Programmers would say: "I'll transfer you 1,000 bitcoins to play with." Newcomers would ask: "What can this thing actually do?" Skeptics would laugh: "Digital garbage with no value." Satoshi would answer: "Time will prove everything."
Without prices, value remained only in feelings and imagination. People needed a ruler to measure this nascent flame. But the question was: how should something unprecedented be priced?
Birth of the First Value Ruler
📅 October 5, 2009, a website called New Liberty Standard first attempted to answer this question. The site was operated by Finnish programmer Martti Malmi, the same person who created BitcoinTalk forum. As one of Bitcoin's earliest supporters, he deeply understood that Bitcoin needed a reasonable price anchor to communicate with the outside world.

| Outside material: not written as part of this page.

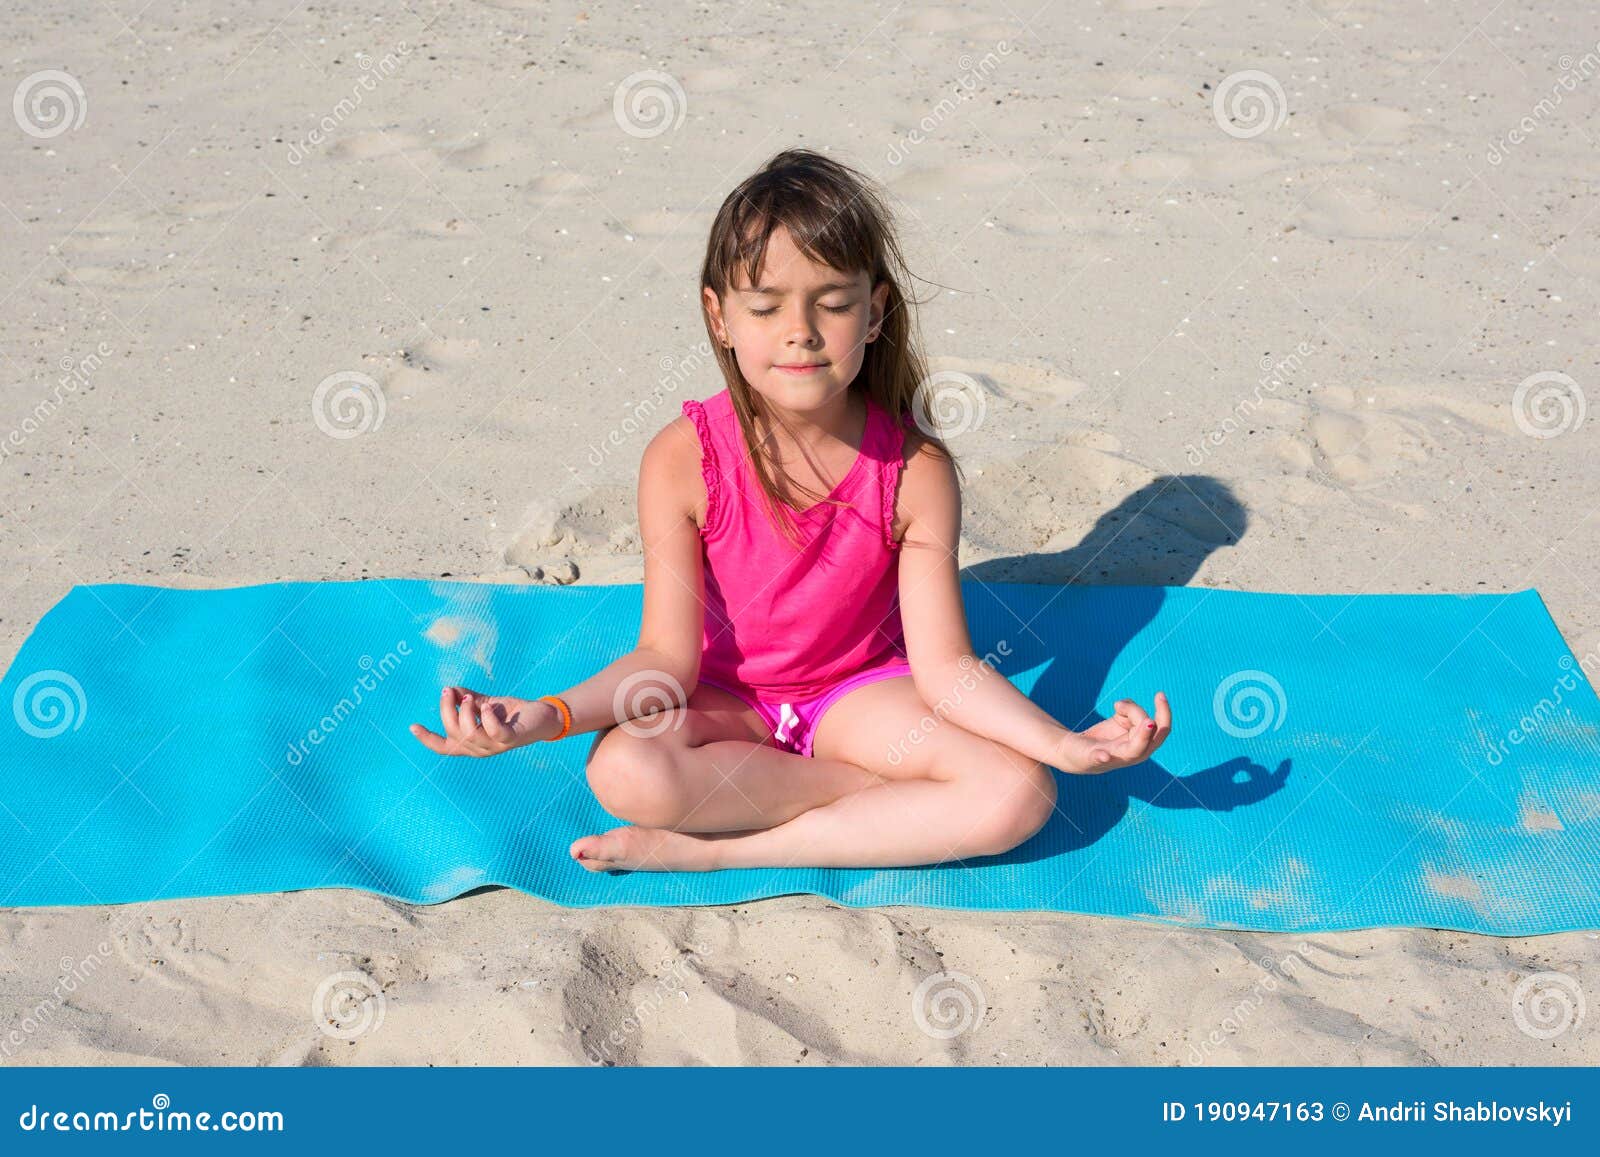 530 Little Girl Beach Yoga Photos Free Royalty Free Stock Photos From Dreamstime

His pricing method seemed simple but was actually thoughtful: calculating Bitcoin's fair value based on mining electricity costs. The calculation logic was straightforward—estimate the electricity consumption needed to mine 1 bitcoin, calculate costs based on average U.S. electricity prices, and determine how many bitcoins 1 dollar could exchange for.
Thus, humanity's first official Bitcoin exchange rate was born: 1 dollar = 1,309.03 bitcoins, or conversely, 1 bitcoin ≈ $0.000764.
This exchange rate wasn't the result of market competition but a "theoretical price line" based on costs. But its historical significance was immeasurable—it provided the first replicable pricing standard, made abstract value quantifiable for discussion, established the "energy value anchor" price theory, and laid foundations for subsequent market trading.
More importantly, this pricing method implied a profound insight: Bitcoin's value comes from invested work, strikingly similar to gold's value logic under the gold standard. New Liberty Standard didn't just give prices but actually began trading bitcoins with people at this price, becoming Bitcoin history's first formal "exchange"—though it was more like a manually operated exchange service.
📅 October 12, 2009, just one week after New Liberty Standard announced exchange rates, history's first formal Bitcoin purchase transaction quietly occurred. The buyer was Martti Malmi, the seller was New Liberty Standard, and the payment method was PayPal transfer. Malmi paid $5.02 and received 5,050 bitcoins, at an actual rate of about 1 dollar for 1,005 bitcoins, slightly better than the official rate.
This seemingly insignificant transaction actually had epoch-making significance. Technically, it proved Bitcoin could seamlessly interface with traditional payment systems. Economically, it established the first real exchange rate between Bitcoin and fiat currency. Institutionally, it created the first replicable trading process. Psychologically, it transformed Bitcoin from "technical experiment" to "valuable commodity."
More interestingly, Malmi was simultaneously the buyer, forum creator, and early Bitcoin development team member. He used this transaction to prove to the world: Bitcoin wasn't just a programmer's toy but real money. This $5.02 might be one of history's highest return investments. By 2025 Bitcoin prices, those 5,050 bitcoins are now worth over $500 million, representing approximately 100 million% return on investment.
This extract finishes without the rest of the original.